Thank goodness the HSNT got those sweet pups out of that situation. Wish I was closer to help them. Hopefully rescues all over the country will be able to help them.


----------



## Dallas Gold (Dec 22, 2007)

*July 23 Update from HSNT*

This email was sent to all who volunteered with the big puppy mill seizure:

To all dog friends in DFW area and Texas: 
On behalf of the HSNT, there are no words to express our deep gratitude to everyone who stepped up and sacrificed job time, family time, fuel, and personal resources to support the recent HSNT seizure of Heddins Kennel dogs and puppies.
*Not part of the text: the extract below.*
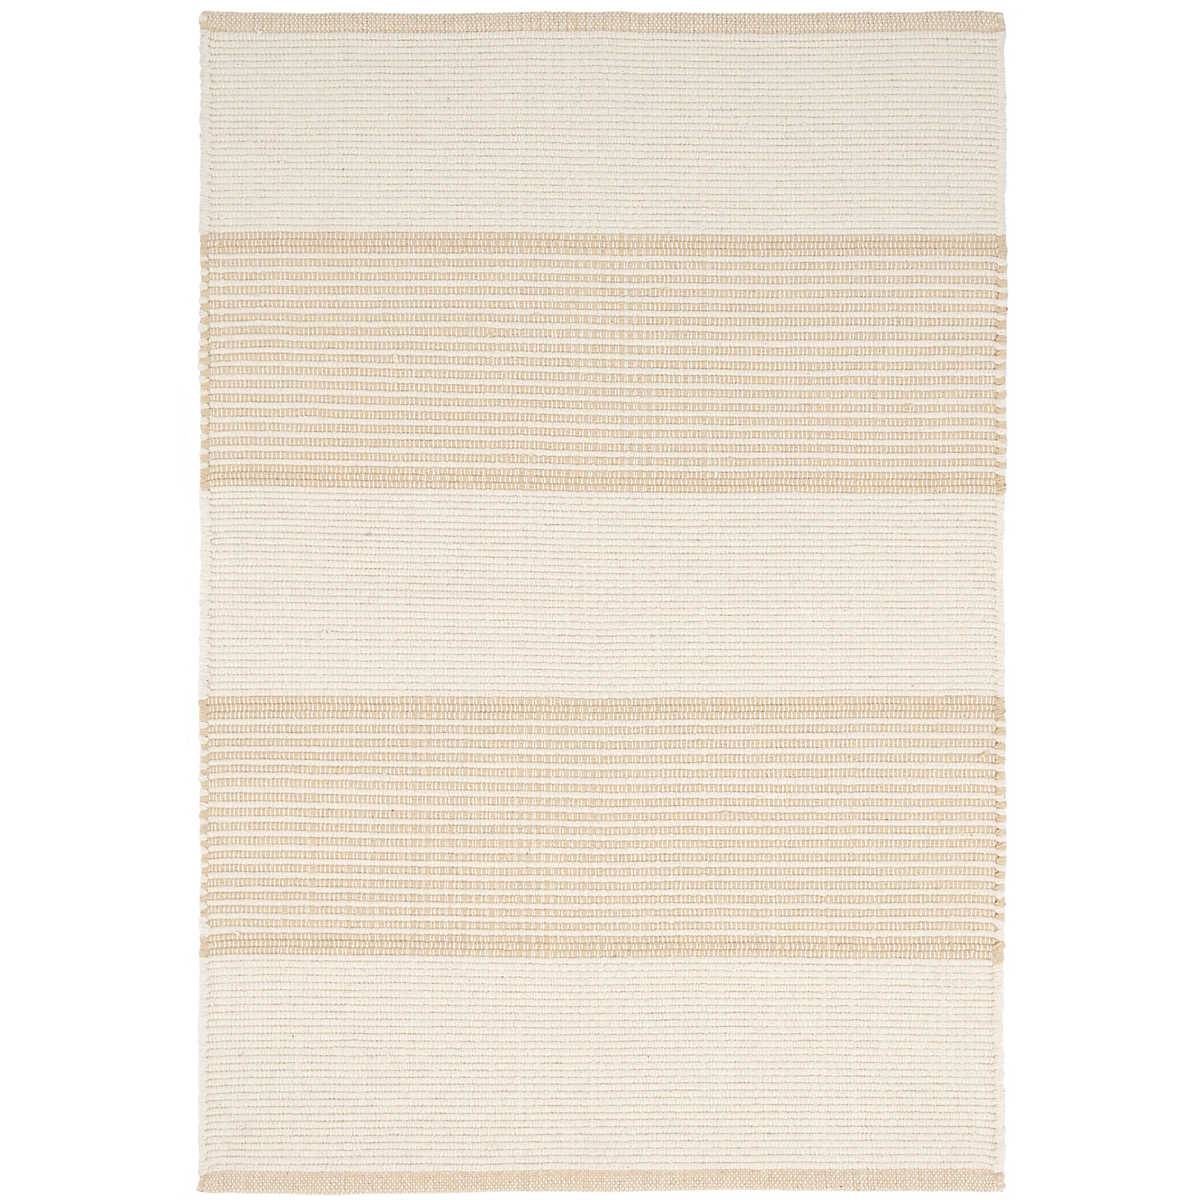 Wide bands of micro stripes, structured with crisp, banded edges on an ivory ground, bring modern balance and subtle texture to this woven cotton area rug. Constructed using a hand loomed flat weave in durable 100% cotton, and available in a choice of navy, Asiatic blue or wheat, it is perfectly designed to make a style statement in any space. Amethyst Home provides interior design services, furniture, rugs, and lighting in the Seattle metro area.

The overwhelming success of the entire operation was due to the significant contributions from our beloved animal welfare family. Like a true family, we are often dysfunctional in some ways, when times are dull and we are bored with day to day drudgeries. Fortunately for these formerly suffering canines, our differences were set aside and we all pulled together to make great things happen for truly deserving dogs. It was an amazing thing to witness, and I believe HSNT and DFWCares has made history. During Katrina, there were approximately 800 dogs at most in the Lamar Dixon shelter at any one time. The entire country was there supporting that effort. Here, one small non-profit shelter, staffed with street kids and a few tired veterans took on one of the largest puppy dealers in the state, and with your help, pulled off one of the most successful and efficient puppy mill busts in the country. We are proud to be part of your family. While there were many "shining stars" who persevered, there is no way to fully thank each and every one who contributed their time for the 450 plus dogs who needed us. The bottom line is they needed us all, and we ALL answered their plea. With the exception of the 28 "cow dogs" still waiting for justice, all the dogs rescued are safe tonight and have hope filled futures. We do this work for "Apple" the yorkie, "Fritz" the dachsund, "Baboon" the chow, "Paddee" the yorkie mix with no front feet, and the old tired skinny labrador who ate a whole can of anchovies his first night in a real home, with a real family. Cheers to all of you, and many blessings to all, and your pets as well. Give them a hug tonight. There is no doubt that they will hug you back. With utmost respect for the love and care you all have shown, 
-Sandy Grambort and the entire HSNT staff 

We'll post more later on the goldens safely in GRRNT's foster program today.


----------



## Penny & Maggie's Mom (Oct 4, 2007)

This is wonderful news, and to all those who shared their time and/or resources.... BLESS YOU, and THANK YOU.


----------



## Karen519 (Aug 21, 2006)

*Special*

*TO SAY you are ALL SPECIAL ANGELS, is the biggest understatement in the world.*


THANK YOU all for saving these babies-they will be eternally grateful and you gave each of them the most AMAZING GIFT-to be loved!!!!!


----------



## mylissyk (Feb 25, 2007)

...I was totally impressed with the operation at the warehouse shelter when we went in to pick up the Goldens. The volunteers and staff that worked and took care of all those dogs did an outstanding, tremendous job.


----------



## Karen519 (Aug 21, 2006)

*Mylissk*

Mylissk:

Which Goldens does your rescue have?


----------



## Jackson'sMom (Oct 13, 2007)

A huge THANK YOU to everyone who helped.


----------